Indiana’s Tin Man Brewing Sold to Neace Ventures

Indiana-based Tin Man Brewing Company has been acquired by Neace Ventures, a Louisville-headquartered venture capital and real estate firm.

Terms of the deal were not disclosed, however, a listing on Brewerbound’s Marketplace earlier this year offered the Evansville brewery for $2.4 million via National Restaurant Associates.

Shane Uttich, president of Louisville, Kentucky-based Falls City Brewing Company, which is also owned by Neace Ventures, told Brewbound that the Tin Man brand would remain largely unchanged.

“It’s going to stay intact,” said Uttich, who is the son-in-law of Neace Ventures chairman John Neace and spoke on behalf of the firm. “The brand reputation was very strong.”

Uttich told Brewbound that Tin Man and Falls City will remain independent entities, while adding that the companies will benefit from synergies such as ingredient buying.

Nick Davidson, Tin Man’s founder, will continue with the company as president and head brewer, Uttich added.

“We’re very excited about this partnership,” Davidson said in a press release. “We have always been a family business, and now we’re becoming a part of a bigger family.”

Davidson will work with the Neace Ventures staff to operate the brewery, Uttich said. However, Tin Man will receive back office and accounting support from Neace Ventures.

“From Neace Ventures’ perspective, it’s important that the brands remain independent of one another,” he said. “We’ll control the behind-the-scenes stuff that was bogging Tin Man down.”

Among the issues that crippled Tin Man was an excessively large menu in the brewery’s restaurant, Uttich said. In late March, Tin Man abruptly closed its restaurant and taproom while continuing brewery production for distribution to Indiana, Kentucky and Tennessee.

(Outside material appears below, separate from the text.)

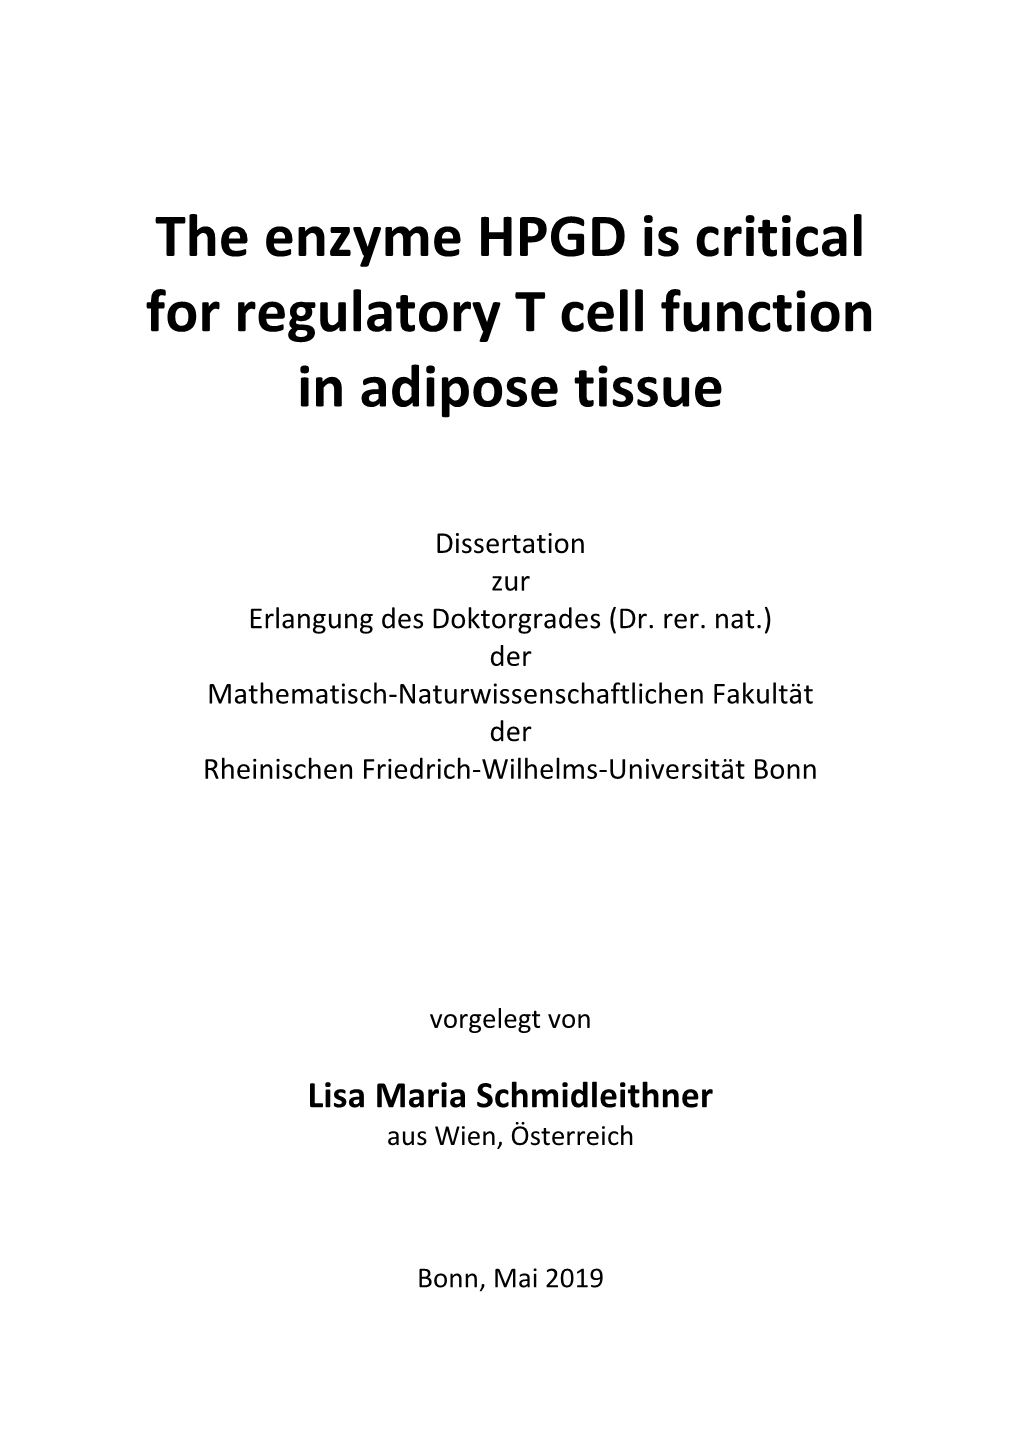 The Enzyme HPGD Is Critical for Regulatory T Cell Function in Adipose Tissue

At the time, Davidson wrote in a blog post that taproom and restaurant sales did not meet the company’s original expectations, and that revenues from the production and distribution of Tin Man products were keeping the brewery afloat.

“We no longer have the resources to keep that relationship going and it’s with a heavy heart that we announce that we must close the tasting room,” he wrote at the time.

Uttich told Brewbound that Tin Man’s production business “growing” and “profitable.”

Nevertheless, Tin Man will reopen its taproom and restaurant, with a simplified menu, in about four-to-six weeks, Uttich said.

“We don’t want to drag it out too far,” he said. “We will not have 47 things you can choose from on the menu.”

In March, an ad referred to Tin Man as a “state-of-the-art Midwest brewery with real estate.” The listing said the brewery operated out of a 15,000 sq. ft. building with the ability to produce 10,000 barrels of beer annually. The location also includes a 190-seat restaurant with a tasting room, barrel-aging cellar and warehouse (Tin Man produced about 4,000 barrels of beer in 2016, Uttich said).

Tin Man also operates a satellite brewpub in Kokomo, Ind., and Uttich said he could envision opening another brewpub in the state in the future. For now, though, the firm will focus on growing Tin Man’s draft beer and can business.

Meanwhile, Neace Ventures is building a new brewery and taproom for Falls City in the NuLu area of Louisville. The move would bring Falls City’s production in-house; the majority of the brewery’s beer is made via a contract brewing arrangement with Blackstone Brewing Co. in Nashville, Tenn.

Last year, Falls City produced about 4,000 barrels, and Uttich expects that brand to grow about five to 10 percent in 2017.

“We are going to grow in our hometown of Louisville,” he said. “The further out you go from your own backyard, the tighter things are getting.”

Construction on the new brewery is slated to begin this month, and Uttich expects to open before the end of the year, pending license approvals.

Once the project is completed, some of Tin Man’s beer will be brewed at Falls City’s new facility, and vice-versa.